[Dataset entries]
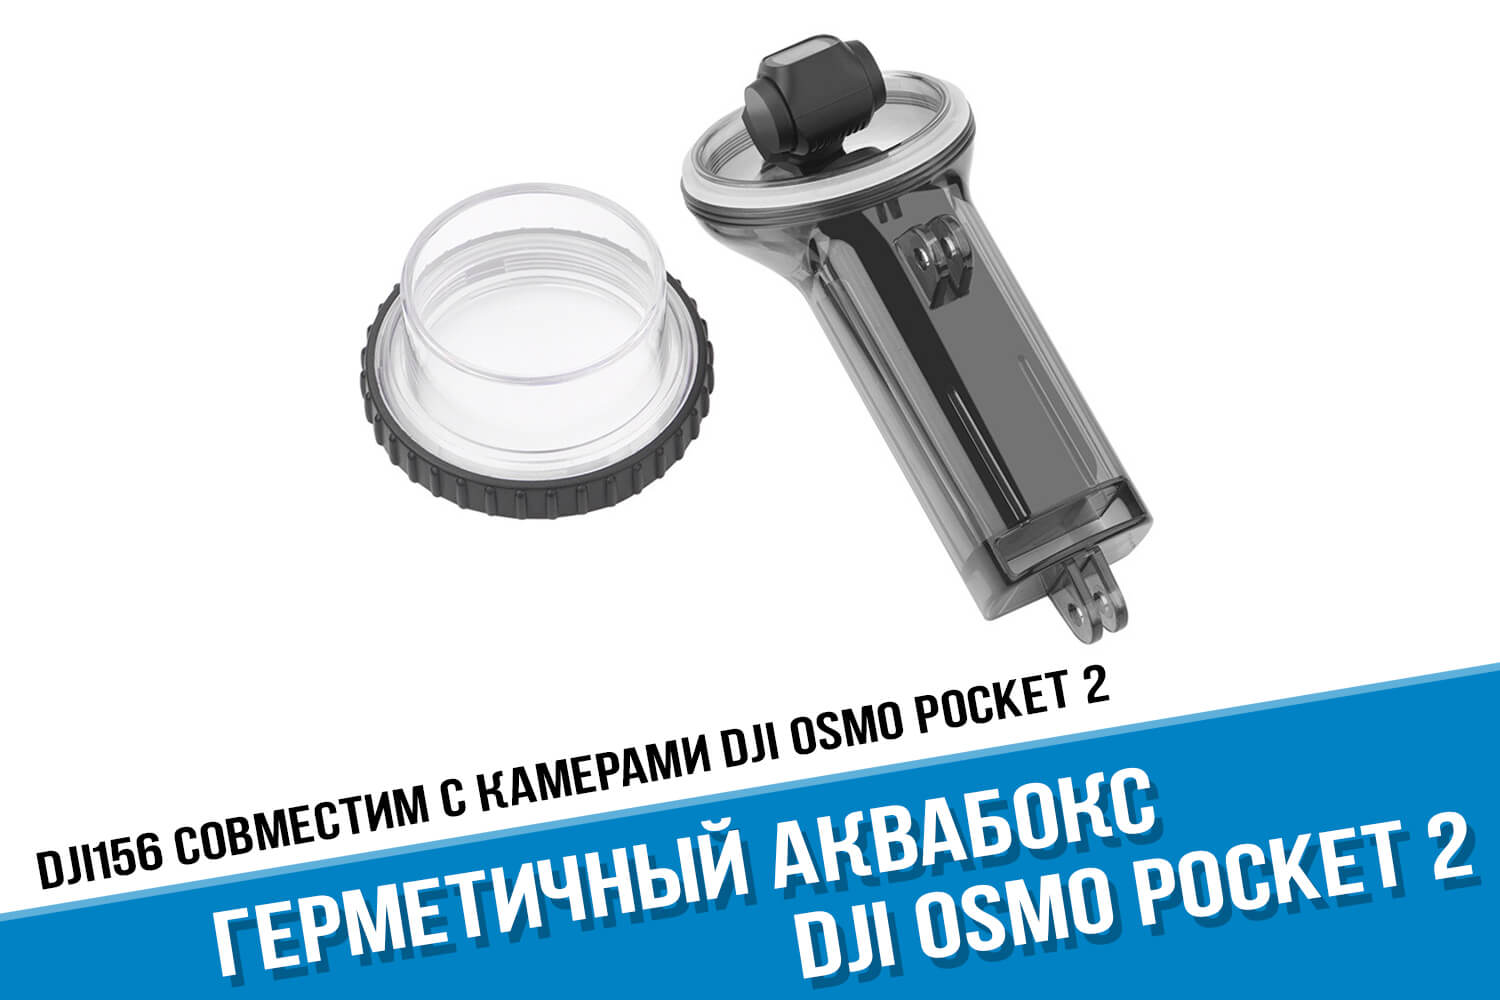 Аквабокс камеры DJI Osmo Pocket 2
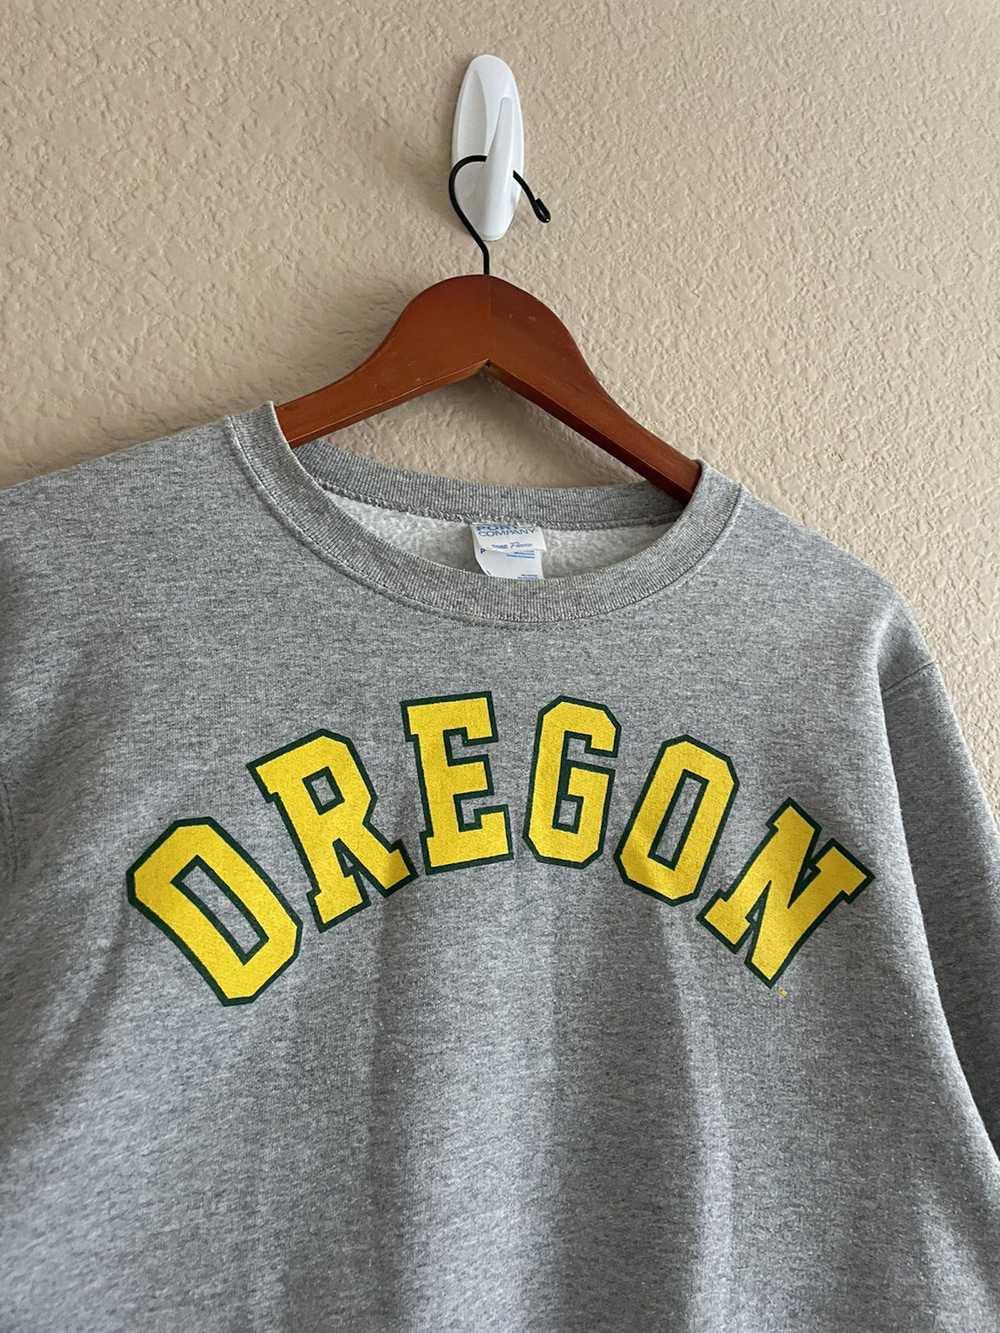 American College × Streetwear × Vintage Grey Oreg… - image 3
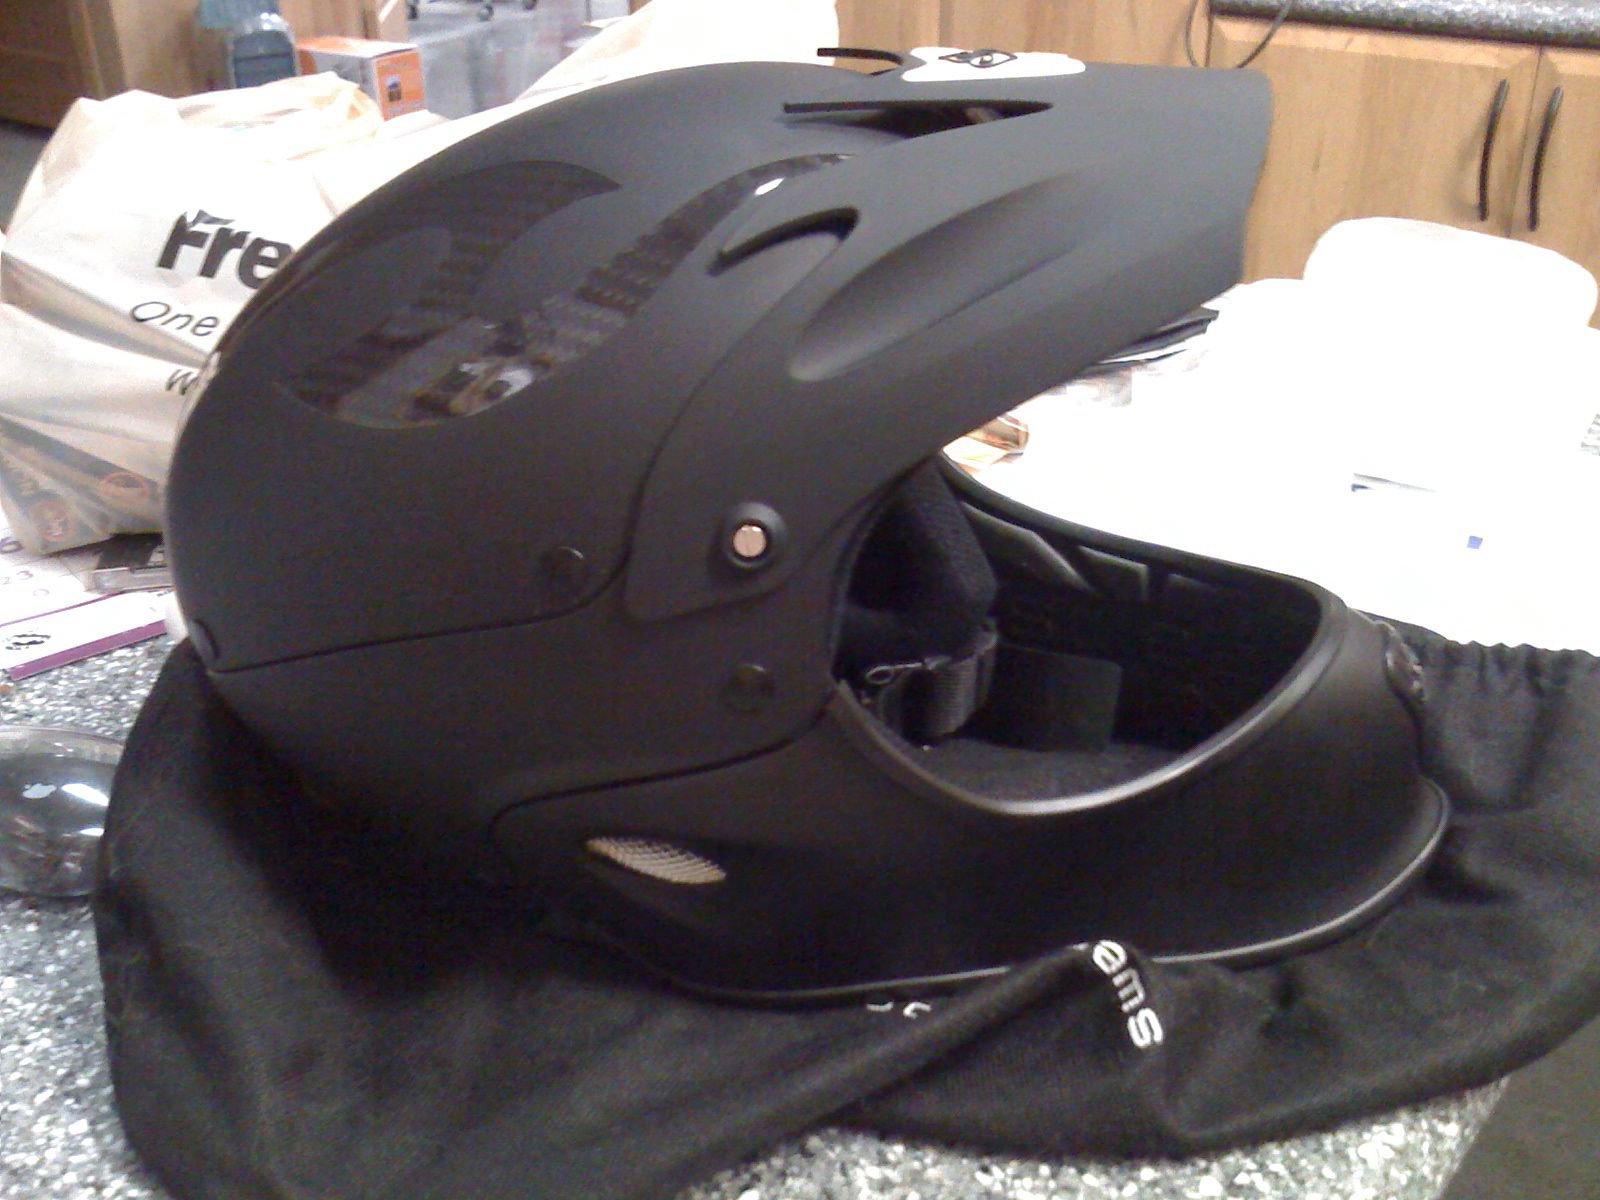 My new Helmet
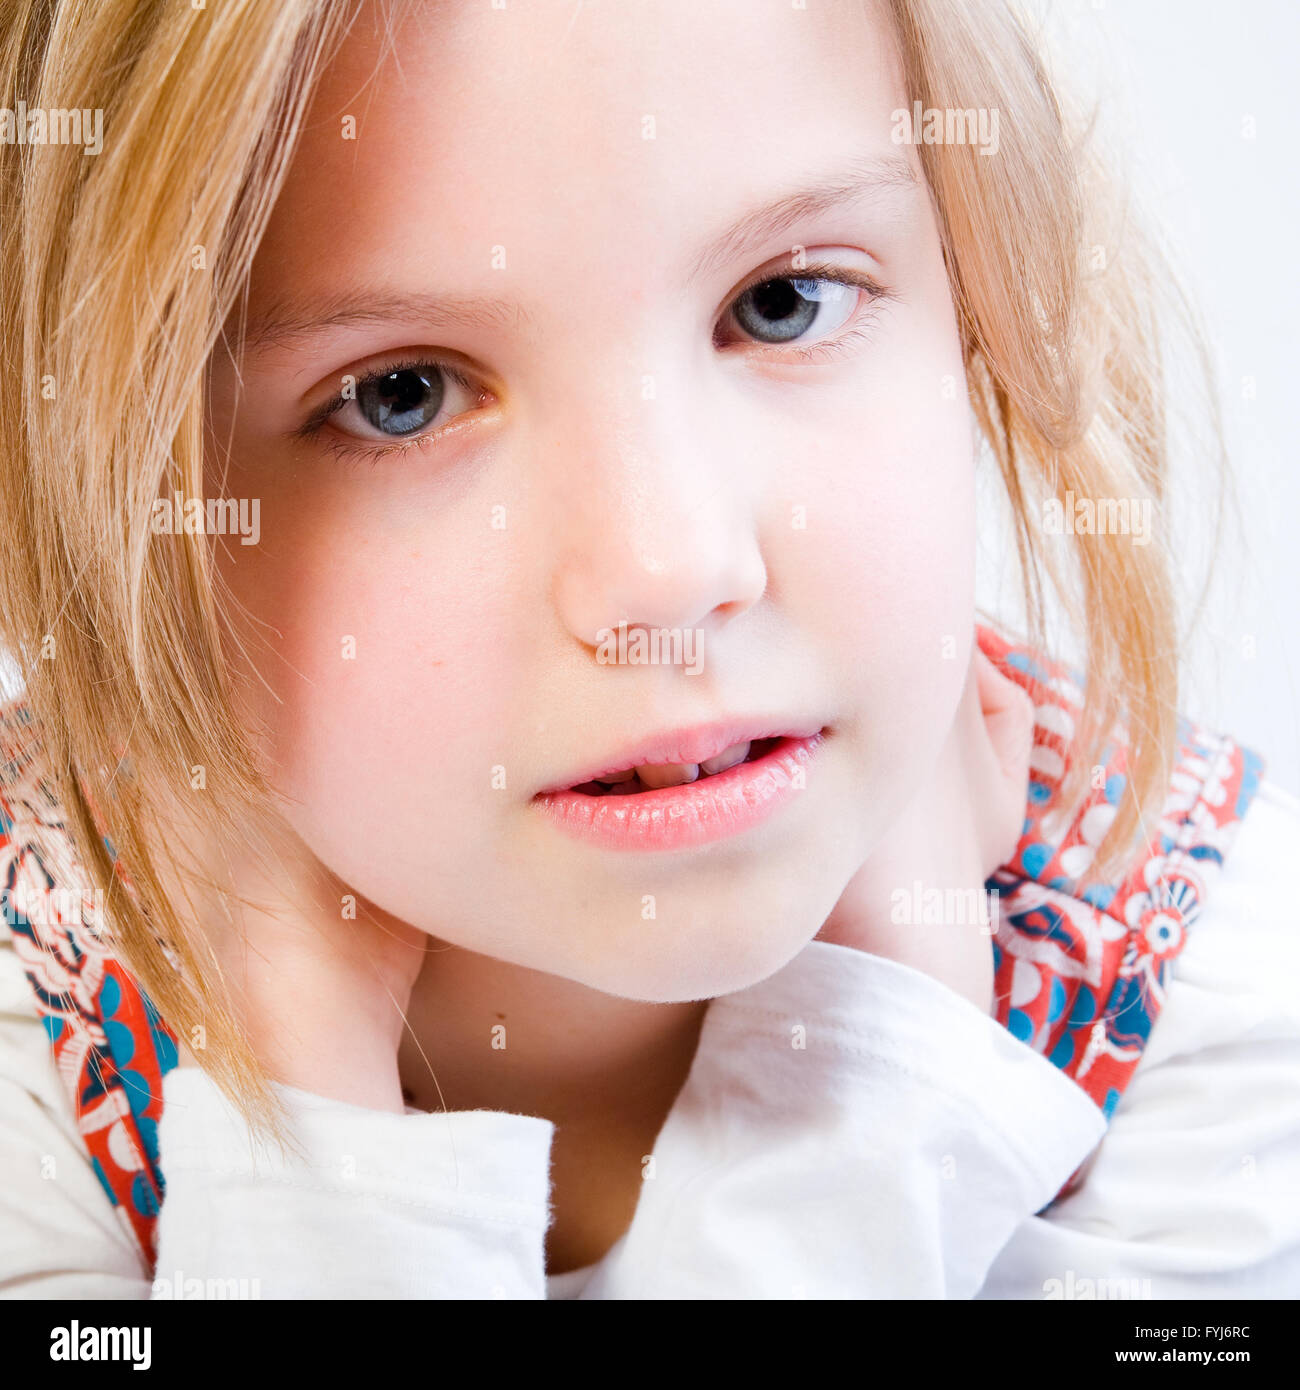 Porträt von einem blonden Kind hautnah Stockfoto
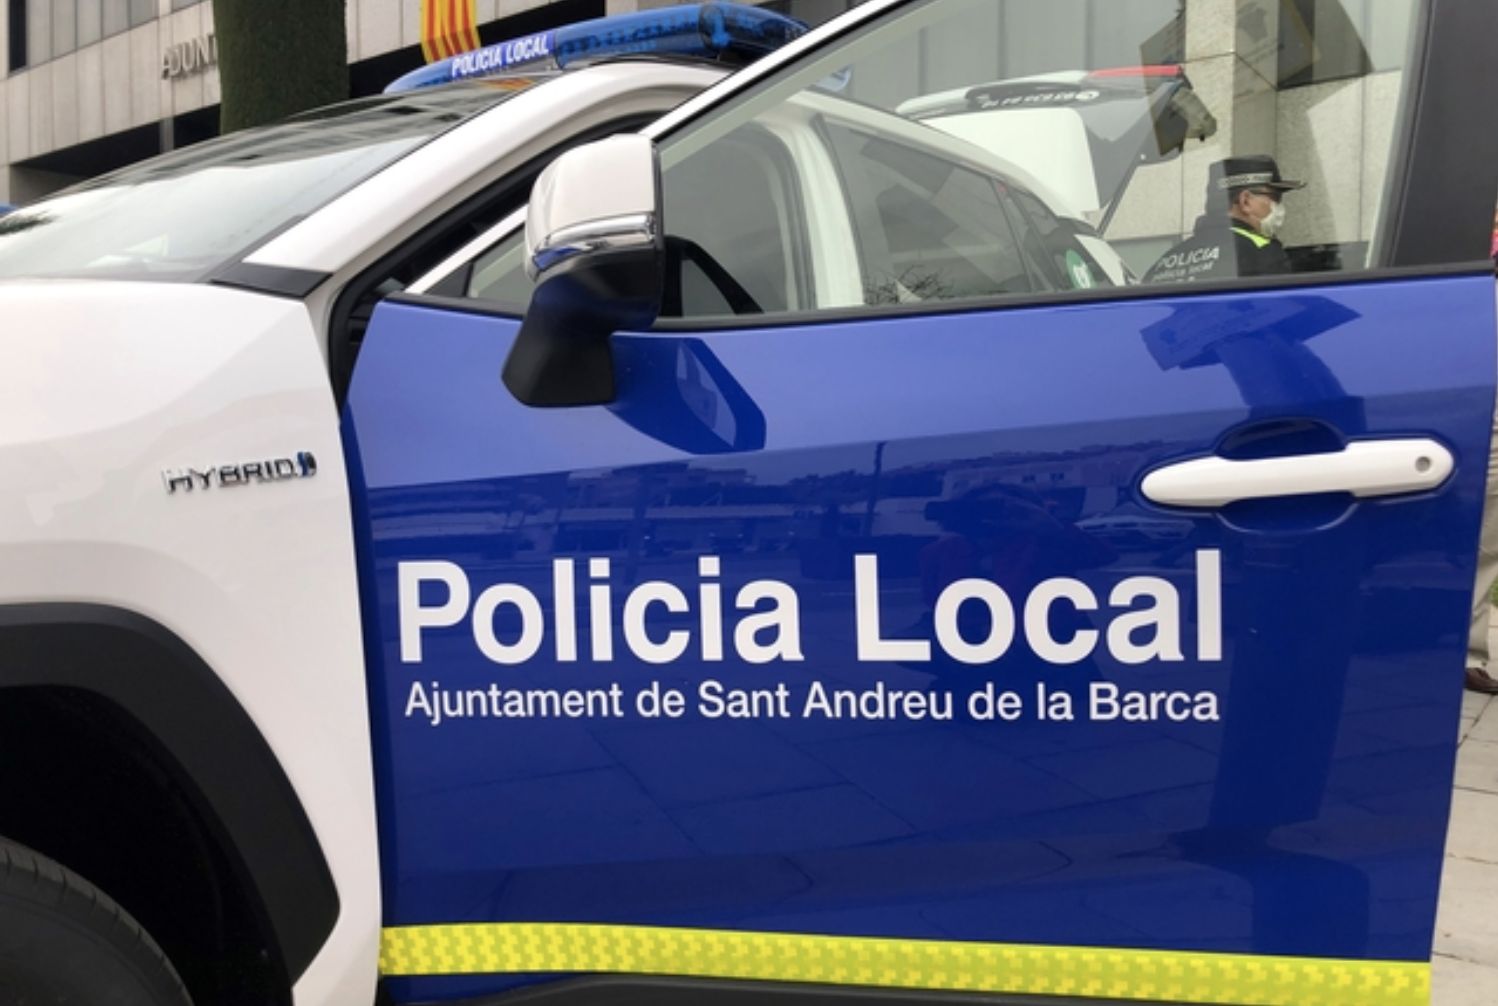 Vehículo de la Policia Local de Sant Andreu de la Barca

▶ **Problem requirements**: Please output the records exactly, leaving the pictures out.

▶ **Expected answer**:
 Аквабокс камеры DJI Osmo Pocket 2
 American College × Streetwear × Vintage Grey Oreg… - image 3
 My new Helmet
 Porträt von einem blonden Kind hautnah Stockfoto
 Vehículo de la Policia Local de Sant Andreu de la Barca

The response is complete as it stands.